What motivates you more – cash or climate change?
Or to put it another way, if you have a car, what would persuade you to give it up and use public transport, walk or cycle instead?
It is a question I put to a car driver recently who told me he was concerned about the environment. He was quick to respond that he rarely used his car these days, except for a regular journey to Hastings that was awkward by public transport.
It got me thinking. Journeys across country; with children or lots of stuff can be tricky by bus or train.
But we need to get large numbers of people out of their cars to reduce our carbon emissions. It would also clear the roads making bus journeys quicker. More people on buses could mean more buses and a better service in outlying areas or across country. Cyclists would be safer, encouraging more people to cycle and everyone could get fitter.

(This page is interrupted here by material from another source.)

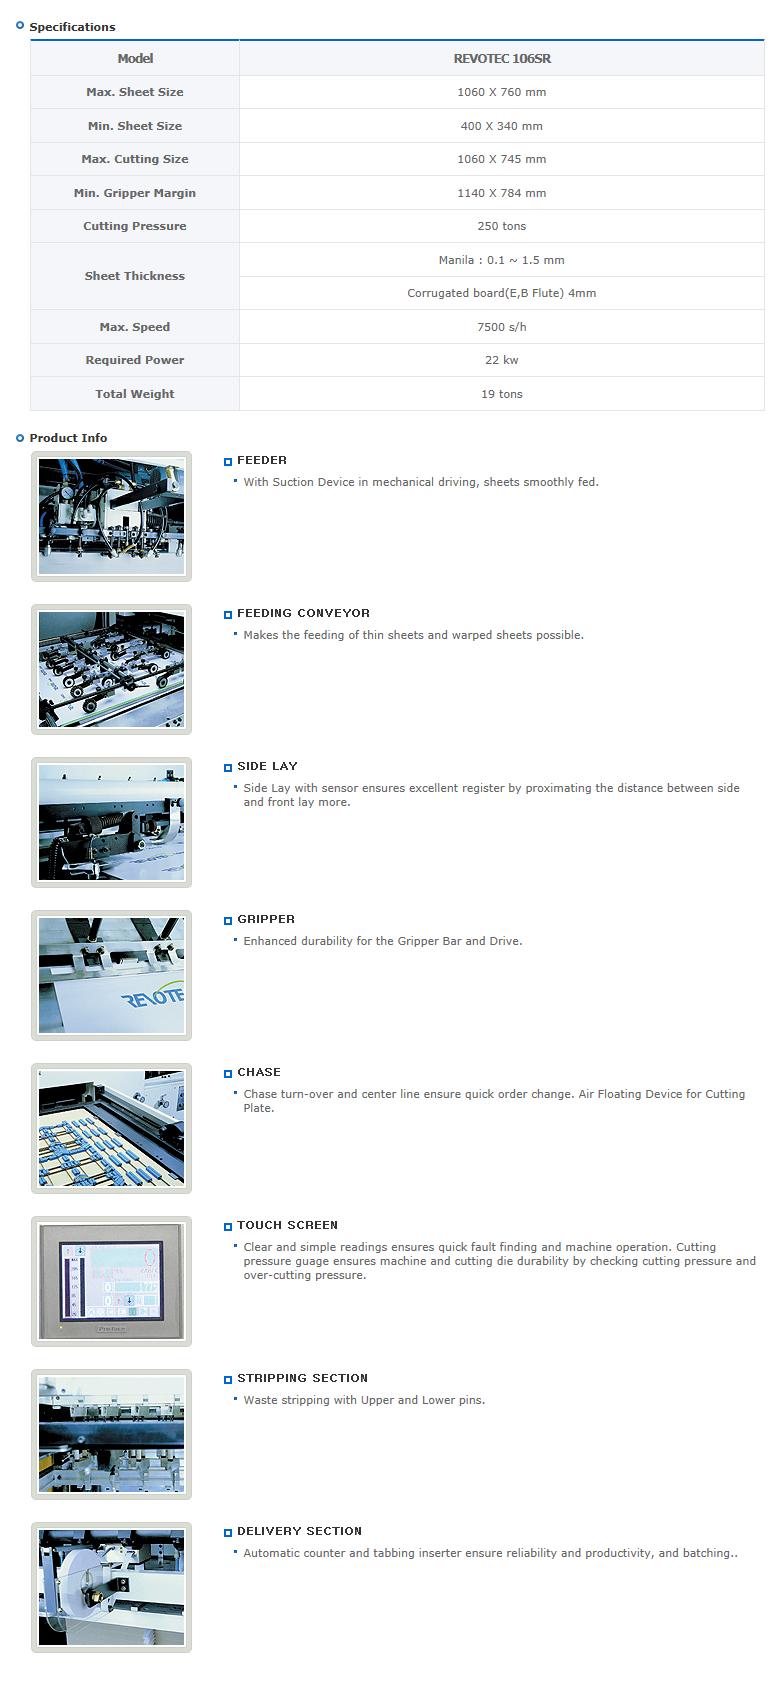 Yougnshin Machinery  REVOTEC 106SR

It sounds like a win-win and with one of the lowest car ownerships in the UK, many in our city have already been convinced, but we still have a way to go.
I gave up my car in 2003 because when I added up the cost per journey, I realised that even if I took taxis or hired a car for those awkward journeys I would still save a small fortune.
So, if we want to create mass change in transport use, should we appeal to people through their pockets?
The most recent survey I could find on the annual cost of a car was from June 2018. It revealed the average UK motorist was spending £162 per month, excluding finance payments. Factor in a loan and the cost shot up to £388. As one journalist put it, that’s nearly £2,000 to put a roof over your head and drive to work.
By comparison joining a car share scheme is £60 a year plus £4.95 an hour – great for the occasional journey or day out. An annual bus pass is £635, a 30-minute daily ride on Brighton Bikeshare is £72 and walking is free.
Whichever option you choose over your car, there are significant savings to be made and you will be doing your bit towards saving the planet.